The Association of Dutch Municipalities, municipalities won’t require their sites to certain security requirements to meet. Last weekend proved a vulnerability fifty gemeentesites unsafe.
According to the VNG care to dozens of companies, the hosting of the Dutch municipalities. With the electronic service runs that number to ‘a few hundreds’. The organization take on short-term measures to the websites technical to check.
“Our priority is to inform the municipalities. Thursday is this matter discussed in the Second Room,” says spokesman Gjalt Rameijer opposite Tweakers.net. He does not exclude, however, the VNG later with guidelines. Previously published Govcert is a checklist for the security of web applications, but a verification is not enforced.
The sites of about fifty municipalities, proved last weekend, so poorly protected, that they suffer from the VNG offline had to be removed. Private data of both citizens and civil servants in the case. So could allegedly session information of DigiD be viewed, allowing attackers are as any other citizen could occur. Furthermore, it was a backup of the entire environment to be downloaded. Public services Logius and the Govcert have taken the precaution of a number of leaky sites for the time being the access to Digital services is denied.
A part of the websites turned out to be found at Gemeenteweb. This organization was responsible for the e-services for a number of affected municipalities, including Drimmelen and Nederlek. The municipality of Nederlek reports on her website that she “recently moved to a new supplier and the hosting provider’.

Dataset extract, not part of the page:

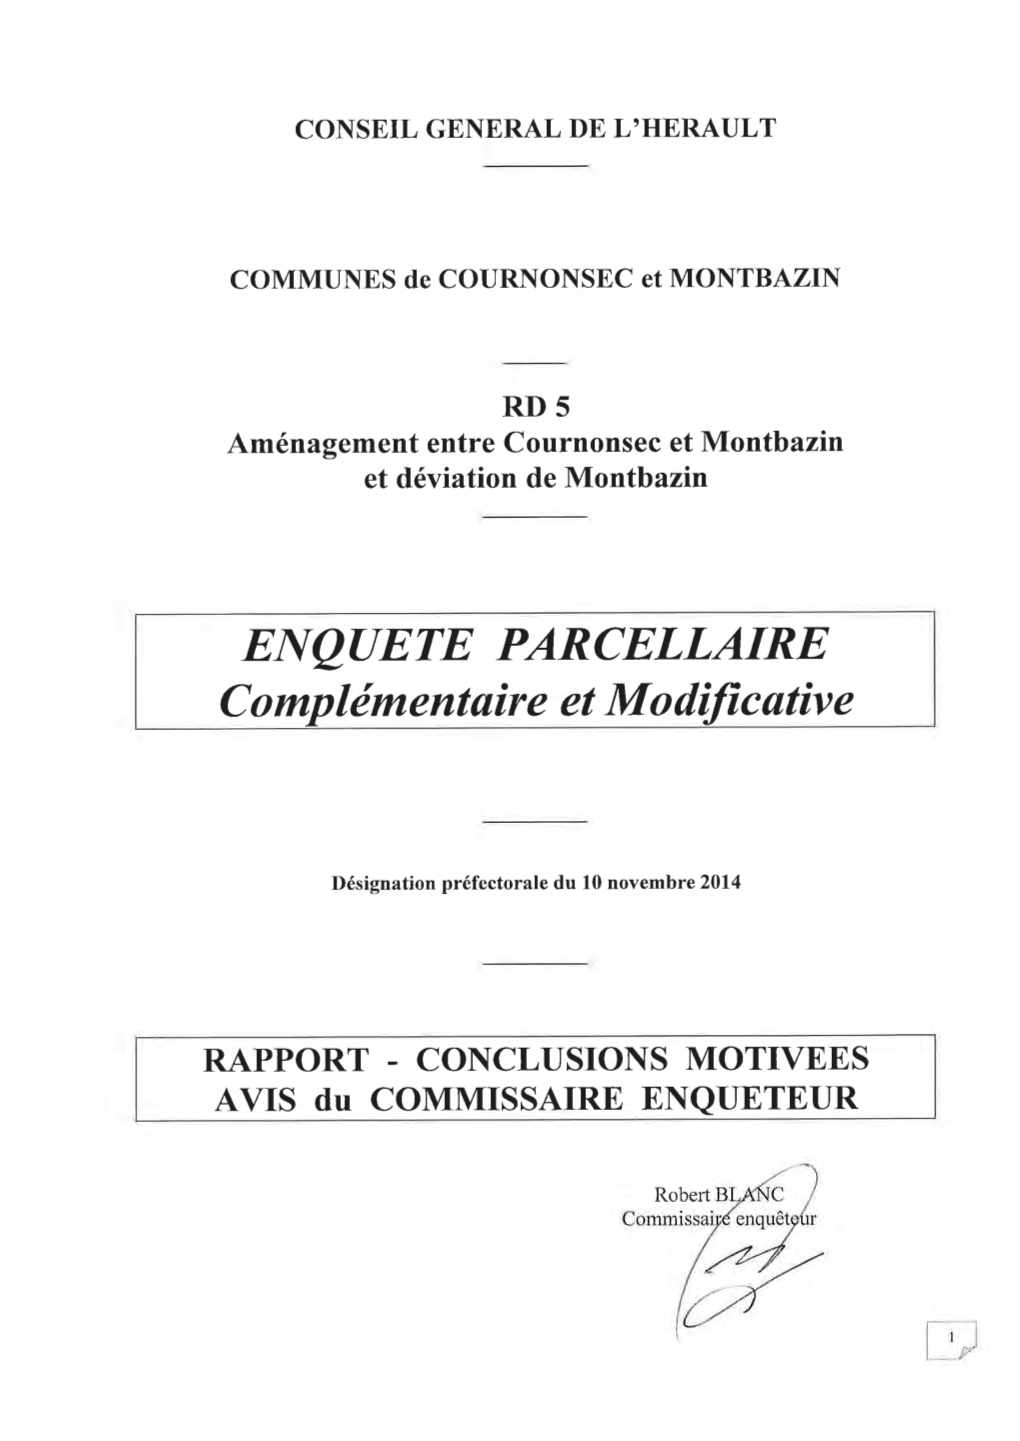 2-Rapport Enquête RD 5 Cournonsec-Montbazin.Pdf

A spokesman let opposite Tweakers.net know that the church has moved to SIMgroep. This company took 37 gemeentewebsites of Gemeenteweb the beginning of this year. The organization is responsible for installing and managing e-overheidsproducten. A part of the municipalities was still busy with the migration, when the leak was discovered. The remainder would now also SIMgroep are to be found. The former Gemeenteweb is currently known under the name GW Crossmedia, among other things, software for municipalities develops and delivers.
A source in SIMgroep to let you know that the back-ups of the leaky gemeentewebsites not SIMgroep were, but at another party. The source would not tell to which party it may go. Were possible the servers are still the property of GW Crossmedia, but that organization refuses to substantively respond. It is certain that the insecure servers on Windows twisted; SIMgroep says only to work with open-source software.